Calling another COM object in a different apartment is one of these actions: COM
will process incoming calls in this situation to avoid deadlocks.
.gif)
Figure 7
Method invocation between STAs
What exactly happens when a client calls an object in another apartment?
The journey starts when a thread calls a method on an interface. Since the
interface pointer actually points to a proxy, the proxy reacts by preparing
packet information and sending it to the RPC channel. The RPC channel detects
that the target of the call is actually a thread in the same process and posts a
message to the thread of the target apartment (using PostThreadMessage).
The channel then blocks the calling thread using
MsgWaitForMultipleObjects. If messages arrive on the caller's thread, the
channel dispatches these messages so that the calling application remains
responsive to the user and repaints its windows. Applications can hook into this
message dispatch mechanism by implementing a message filter, as discussed in the
section "Controlling incoming calls: IMessageFilter," in "Concurrency
Management: Threading Models."
The thread of the receiving apartment processes the message that was posted
by the channel of the calling apartment. The hidden COM window processes this
message and invokes the appropriate stub. The stub unmarshals the packet onto
the stack and invokes the object's implementation. Once the invocation has
completed it returns to the stub. The stub packages any out parameters and
return values, and posts a message to the calling thread.
The calling thread is still waiting inside the channel and dispatches
messages as they arrive. The message posted by the channel in the target
apartment is dispatched and reaches COM's window procedure. The window procedure
retrieves the marshaled return values and returns. As the windows procedure
returns, the channel returns the marshaled return values to the proxy, which in
turn places them onto the caller's stack and returns to the caller.
If another method call occurs for an object within the calling apartment
while the cross-apartment call is in progress, the call will be handled by COM.

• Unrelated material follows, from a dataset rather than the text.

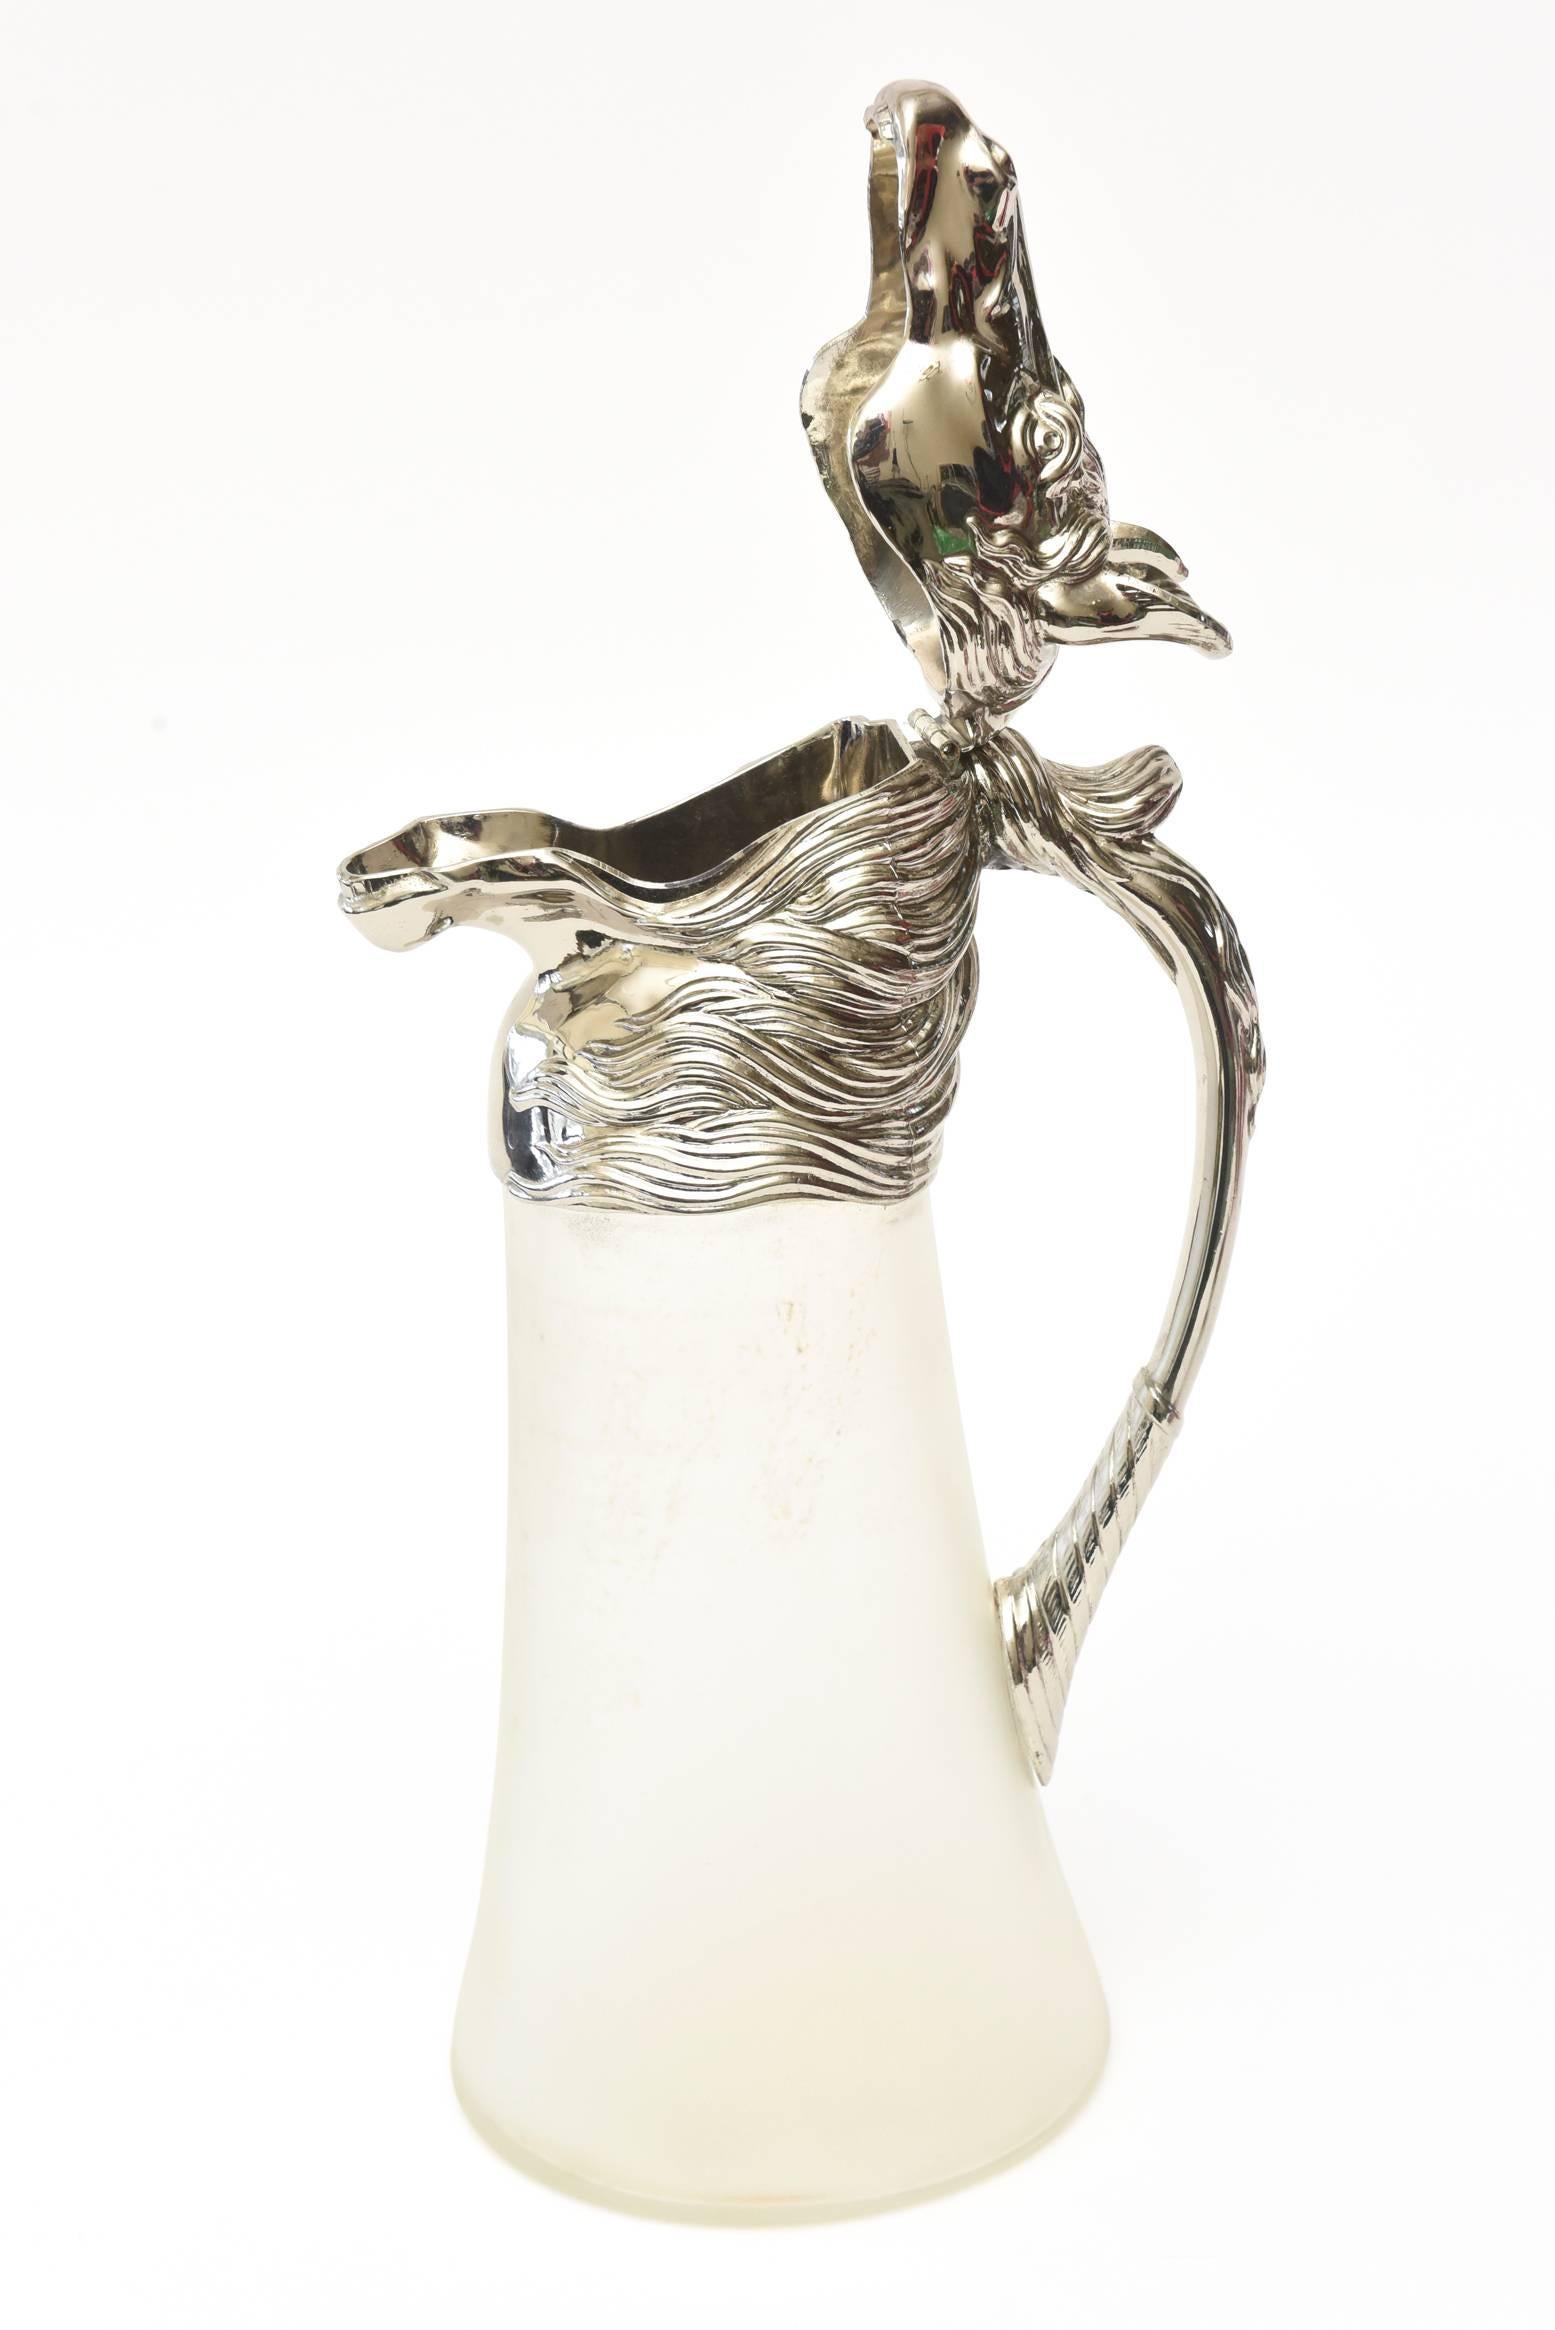 Nickel-Plated and Frosted Glass Horse Decanter Pitcher Barware Vintage In Good Condition For Sale In North Miami, FL

The message loop provided by COM for the outgoing call is dispatching any
messages in the queue. If a call comes in for an object in this apartment, COM
posts a message to the hidden COM window. This message will be picked up by the
message pump and rerouted to the window procedure implemented by COM. This
window procedure calls the stub to unmarshal and invoke the object. Upon
returning from the object's method, the stub will marshal the results and return
to the window procedure, which sends it to the receiving thread. The thread
execution returns to the COM-provided message loop, which is waiting for the
original outgoing call to succeed.
.gif)
Figure 8
Method invocation from an STA to another process
When a client in an STA calls out to another process—be it on the same
machine or one a different machine—an additional thread gets involved to handle
the actual RPC call. Instead of posting a message to the other object's
thread—as in the STA-to-STA case—the proxy picks an RPC thread from the RPC
thread pool and hands it the marshaled parameter data. This RPC thread then
blocks until the call returns. The calling thread, however, enters a message
loop that keeps the user interface responsive and prevents deadlocks when other
calls enter this apartment as part of the initial call, as discussed above.
.gif)
Figure 9
Method invocation into an STA from another process
Similarly, when a call from another process arrives in an STA, it first
arrives on an RPC thread that the RPC run-time picks from the RPC thread pool.
The RPC thread then posts a message to the hidden COM window, passing it the
marshaled parameter data. From here on the sequence is identical to the sequence
in calls between STAs.
.gif)
Figure 10
Controlling incoming calls: IMessageFilter
COM provides a process-wide mechanism to control how incoming calls and
window messages in an STA are handled. Any incoming call to a server, or
outgoing call via sink or notification from a server, can be rejected, retried
later, or—the default—handled by the server.
For outgoing calls, the filter can detect if the RPC connection still exists,
if a server rejected the call, or if the server told the client to retry the
call. The filter can also control how standard window messages are handled while
COM is waiting for an outgoing call to return.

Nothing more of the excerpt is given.